→ **AVAILABLE DATA**
+---+

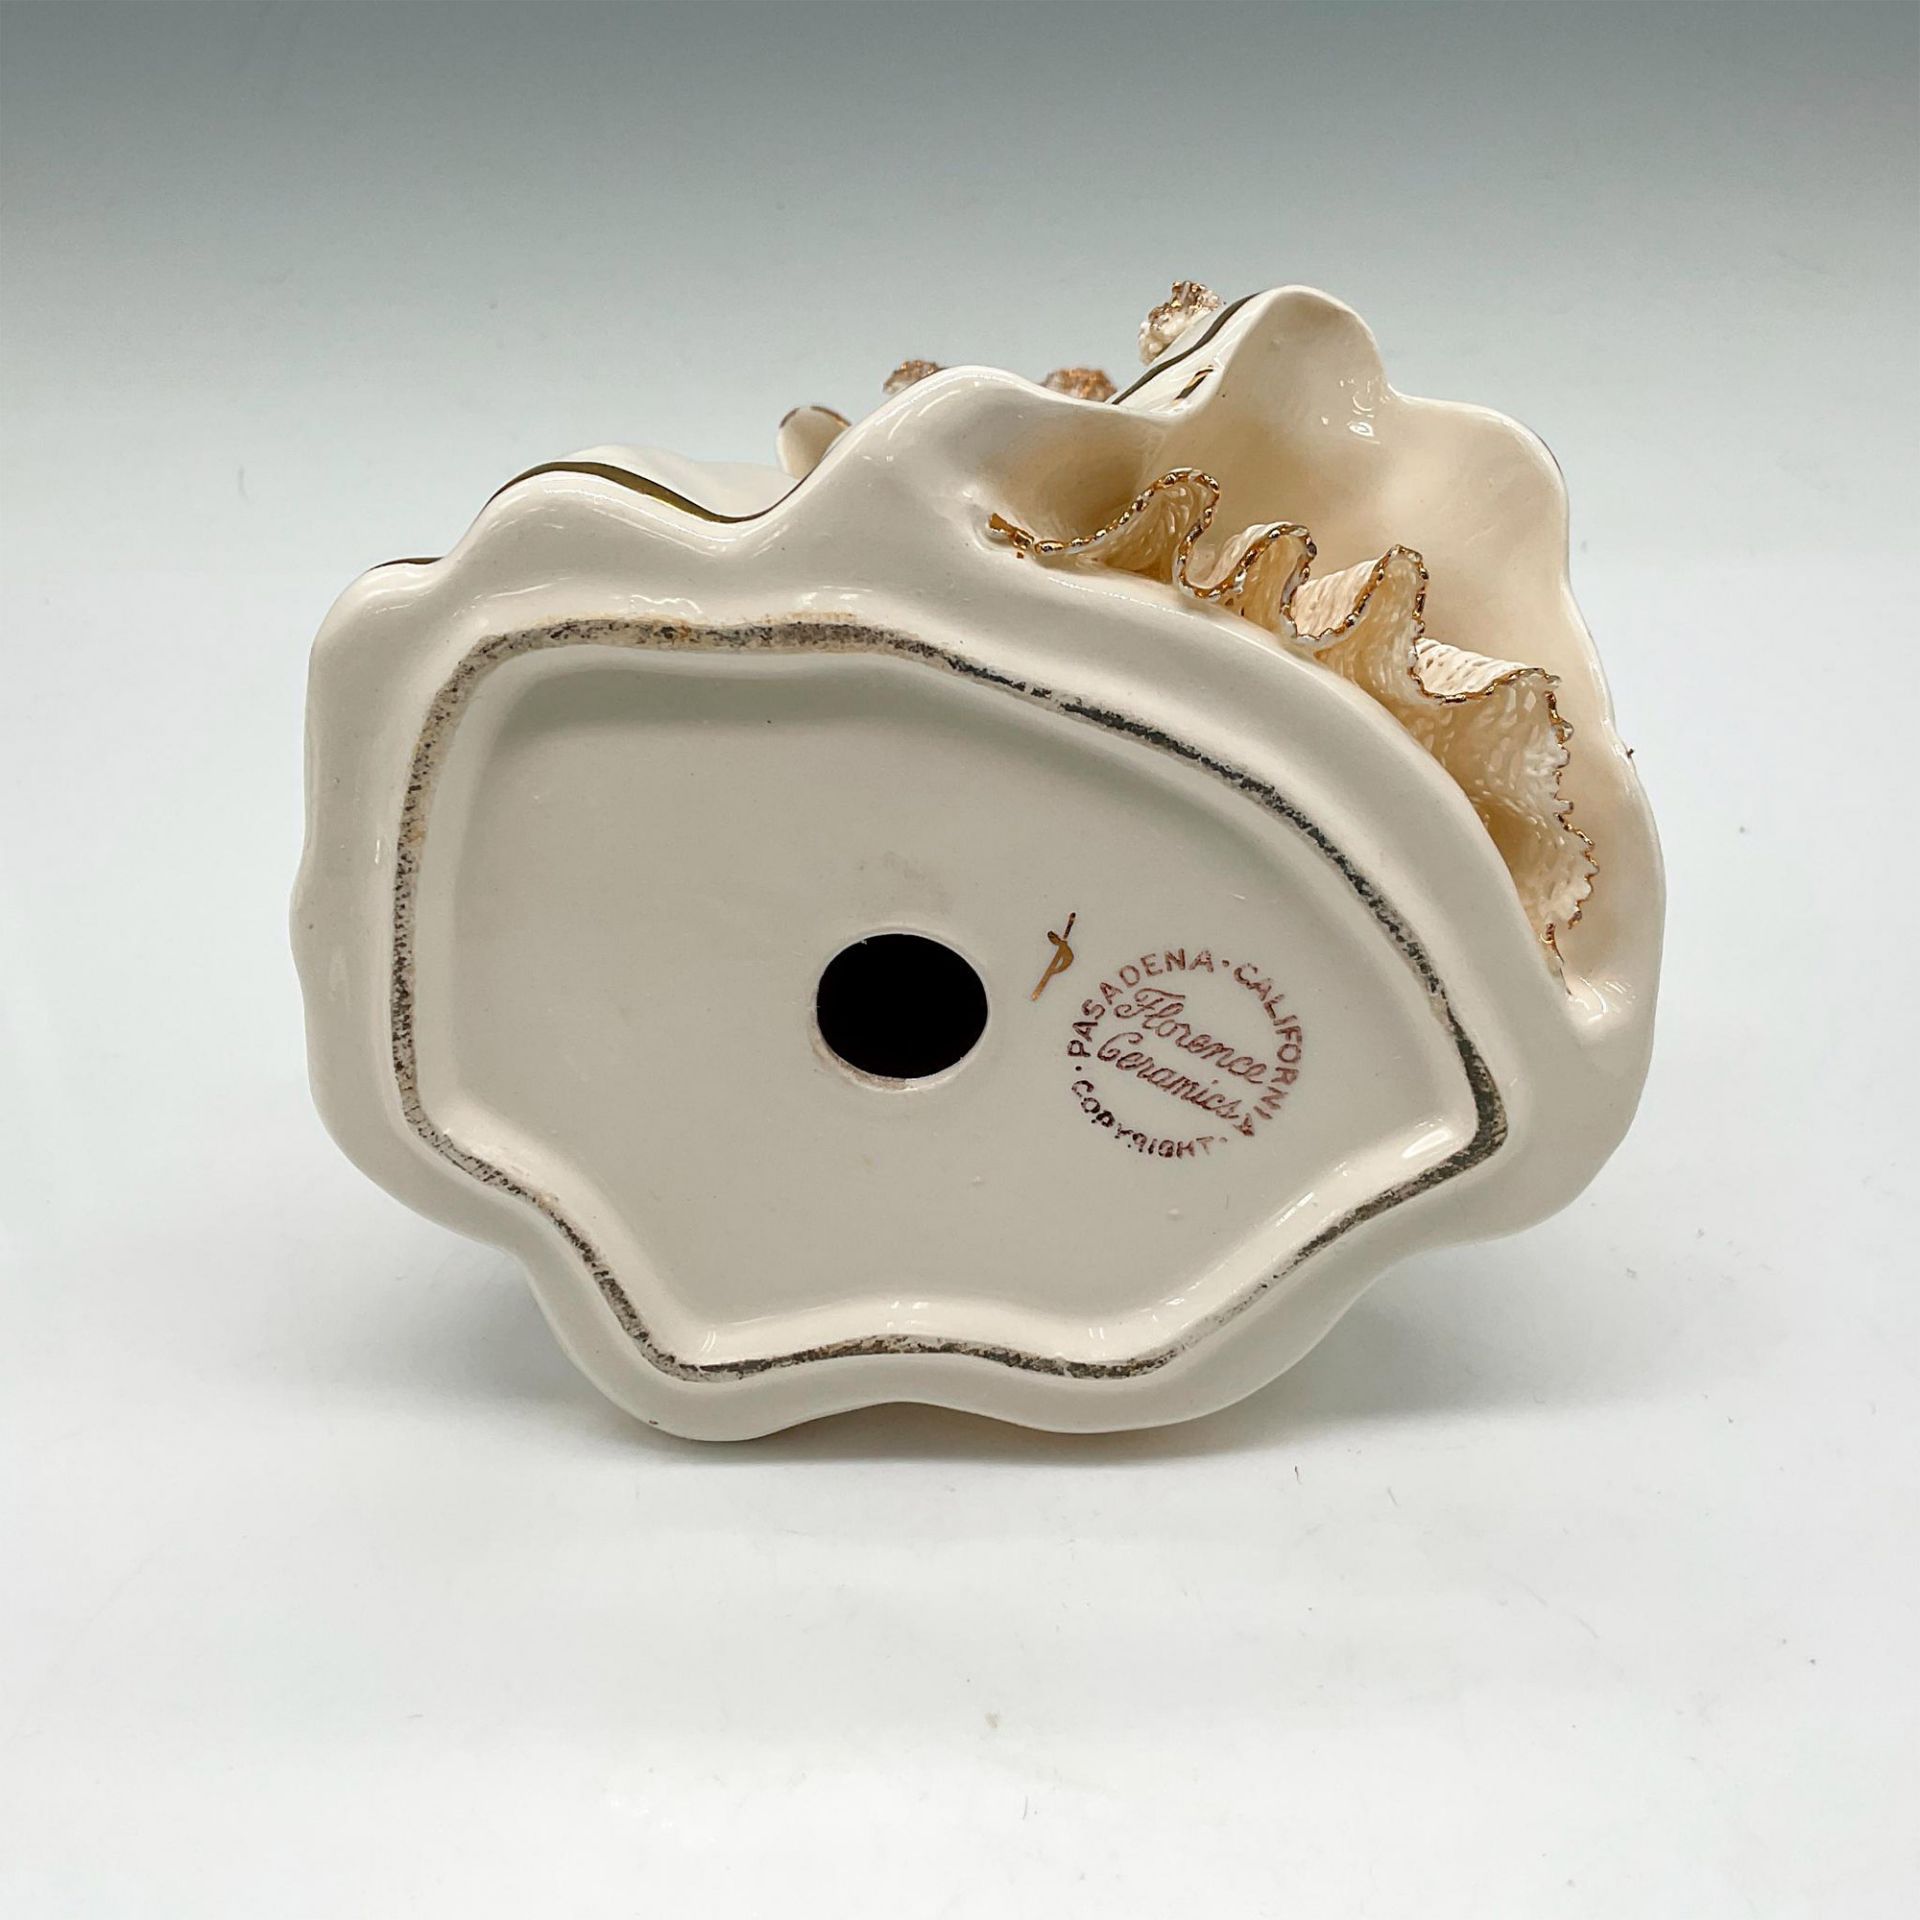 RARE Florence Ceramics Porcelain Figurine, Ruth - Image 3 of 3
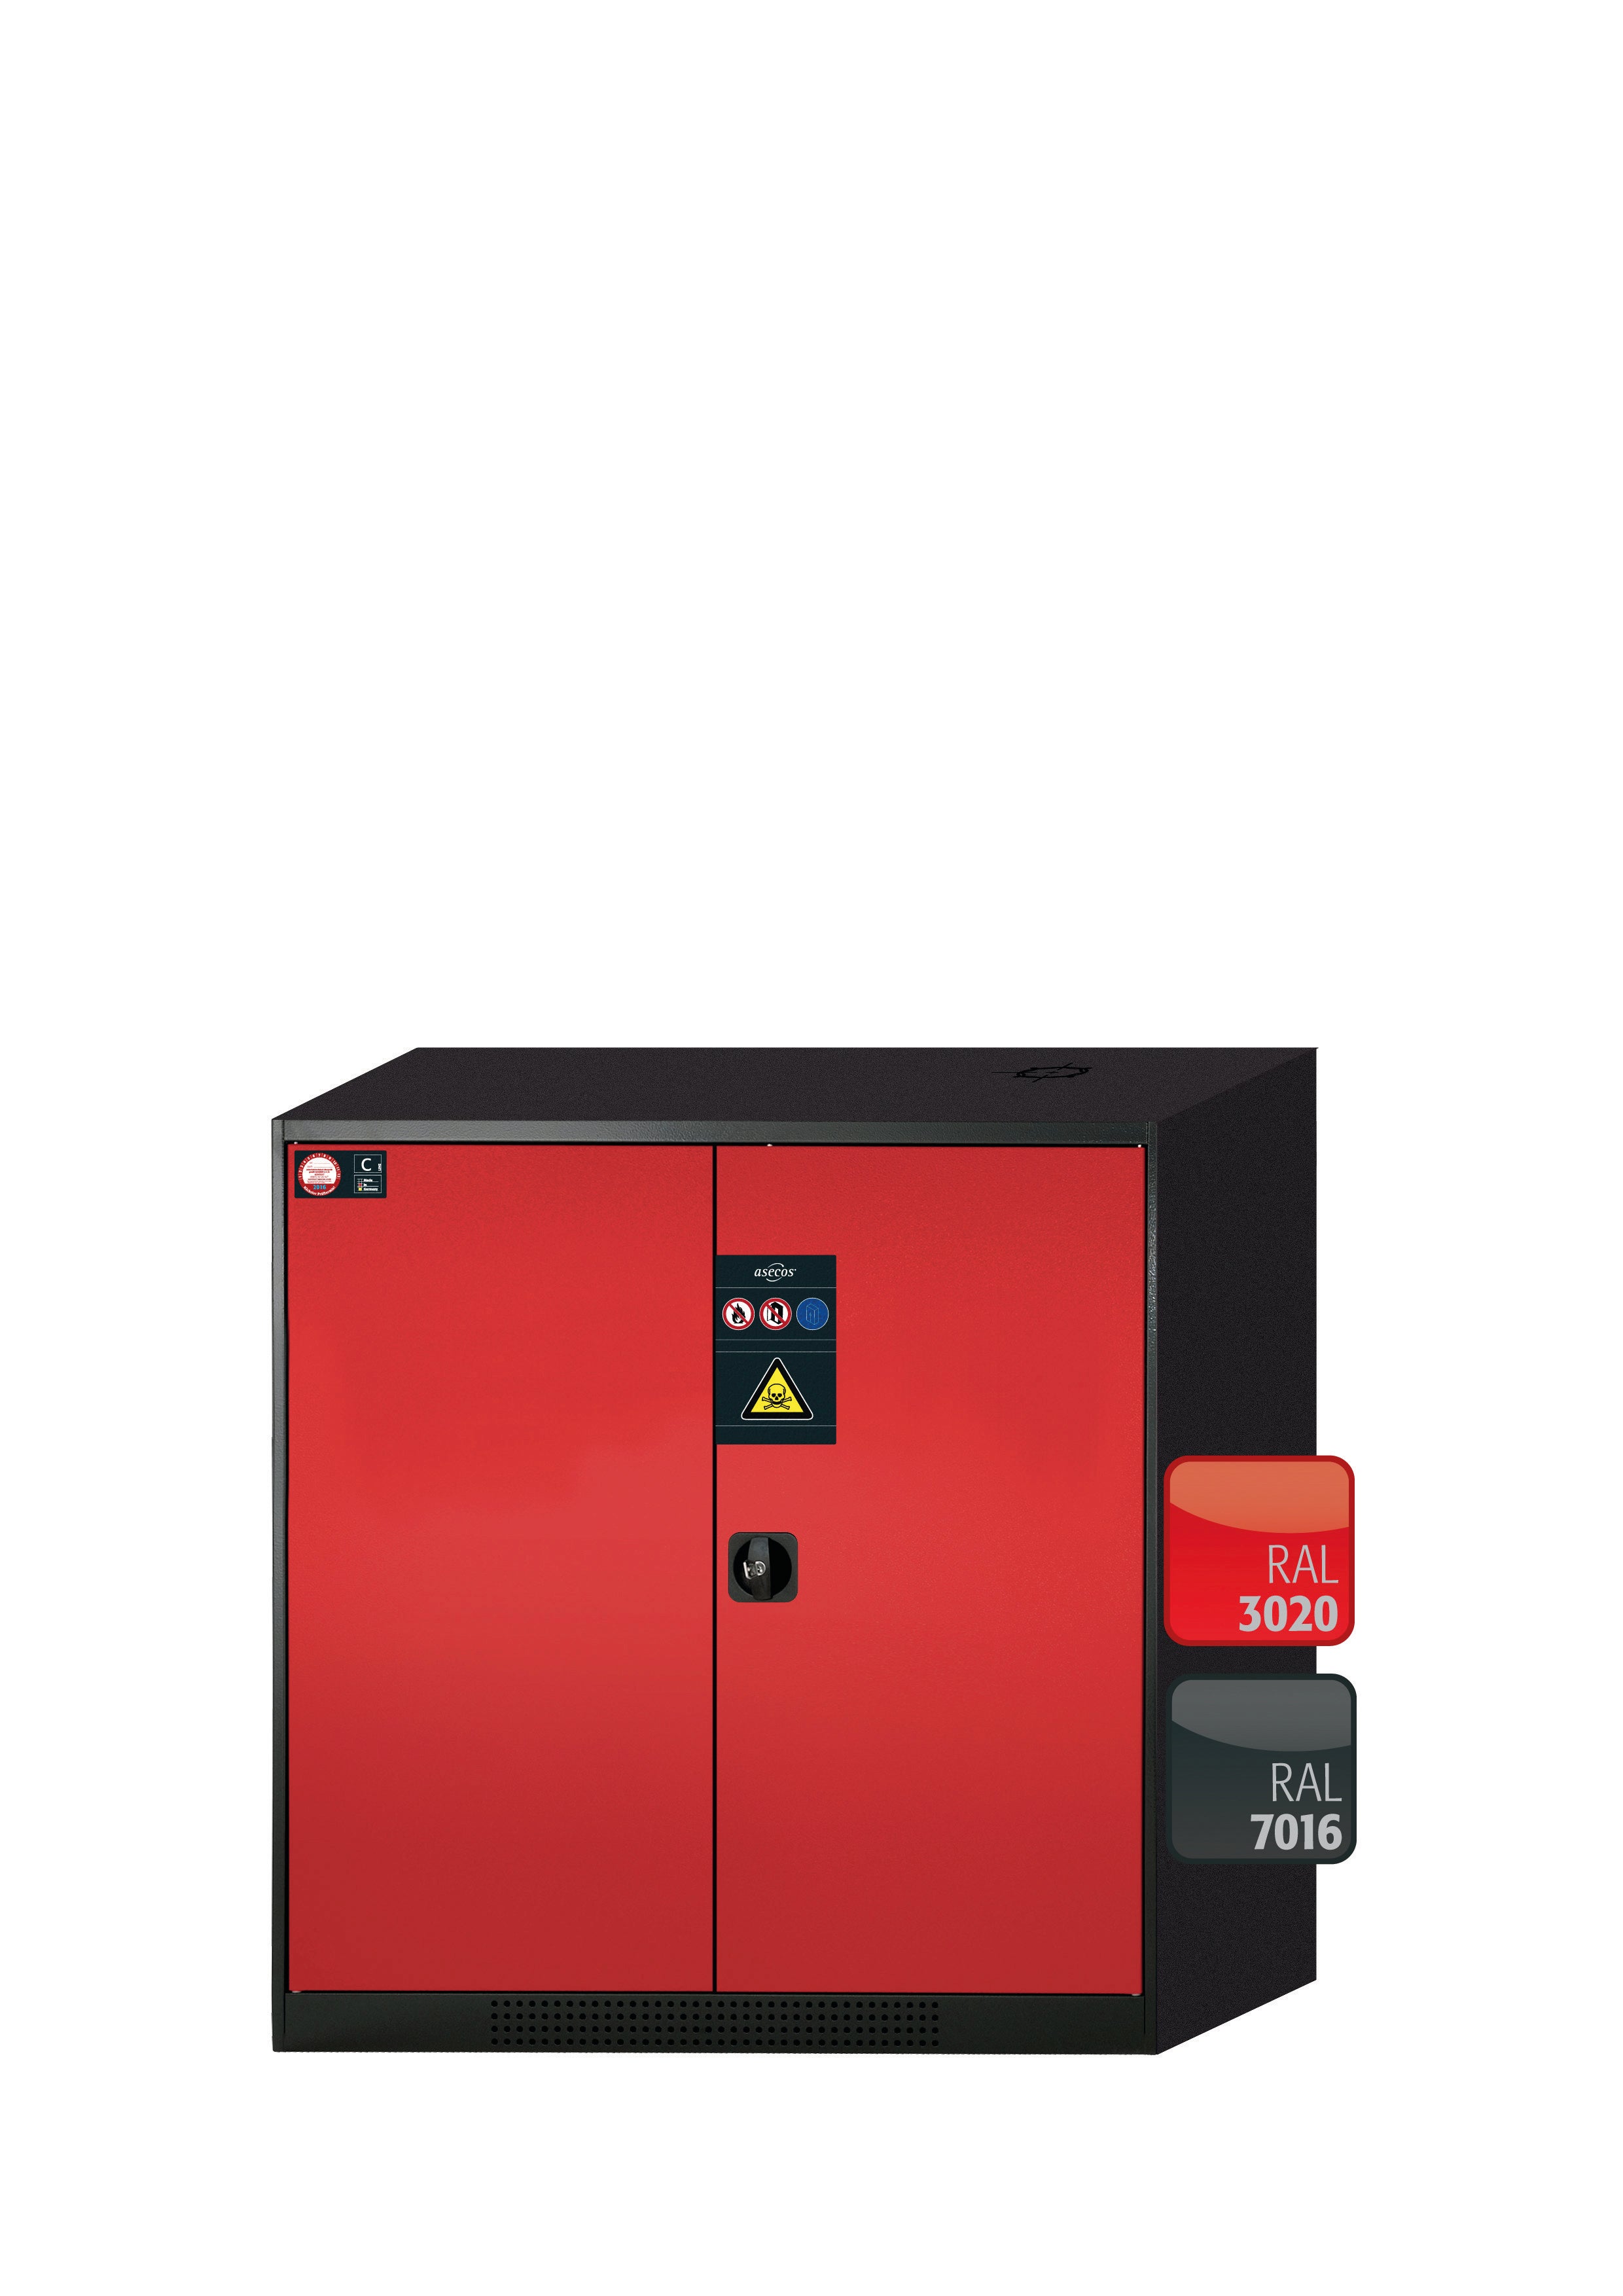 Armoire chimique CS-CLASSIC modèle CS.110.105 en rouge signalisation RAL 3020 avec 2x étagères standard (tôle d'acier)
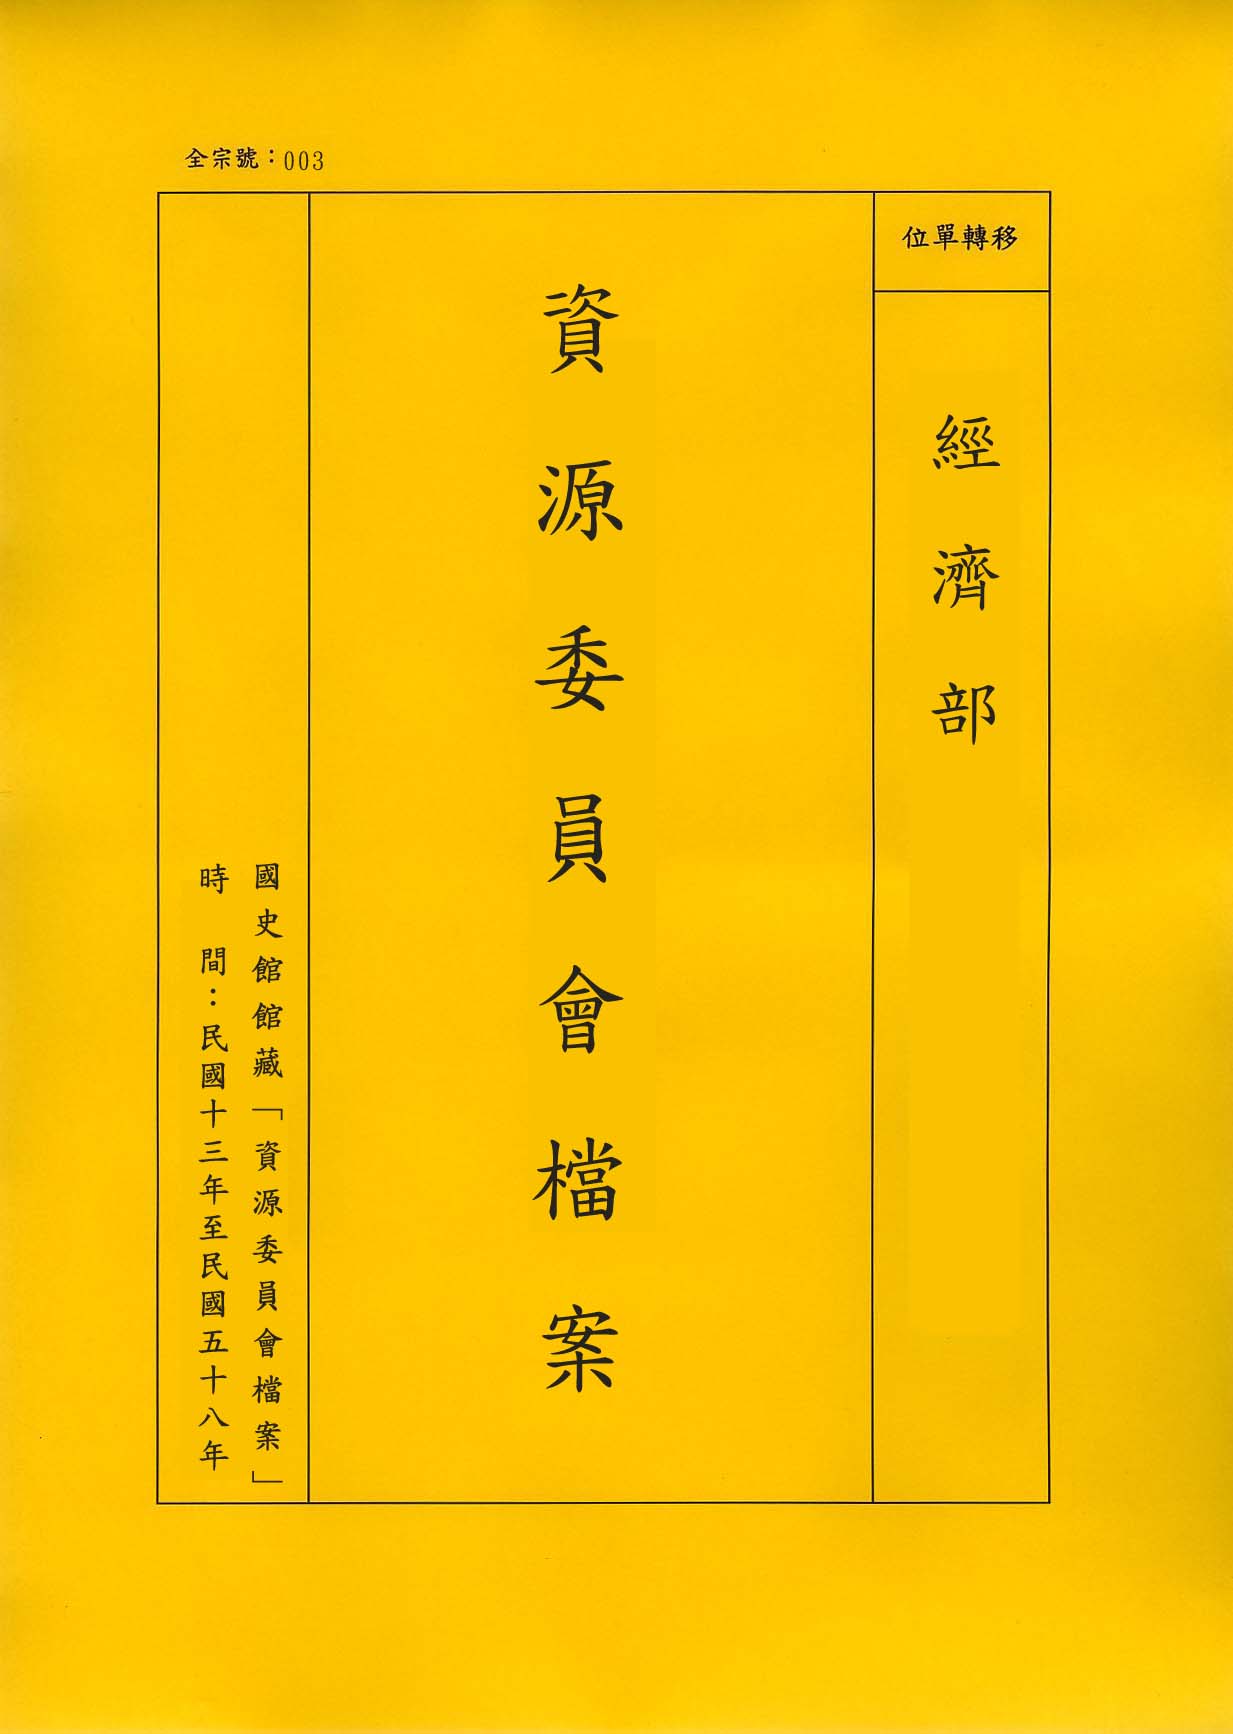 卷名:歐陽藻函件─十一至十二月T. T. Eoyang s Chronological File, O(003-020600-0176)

+---+

Make an exact copy of the whole listing, but don't bring over any pictures.

→ **ANSWER TO THIS TASK**
 RARE Florence Ceramics Porcelain Figurine, Ruth - Image 3 of 3
 Armoire chimique CS-CLASSIC modèle CS.110.105 en rouge signalisation RAL 3020 avec 2x étagères standard (tôle d'acier)
 卷名:歐陽藻函件─十一至十二月T. T. Eoyang s Chronological File, O(003-020600-0176)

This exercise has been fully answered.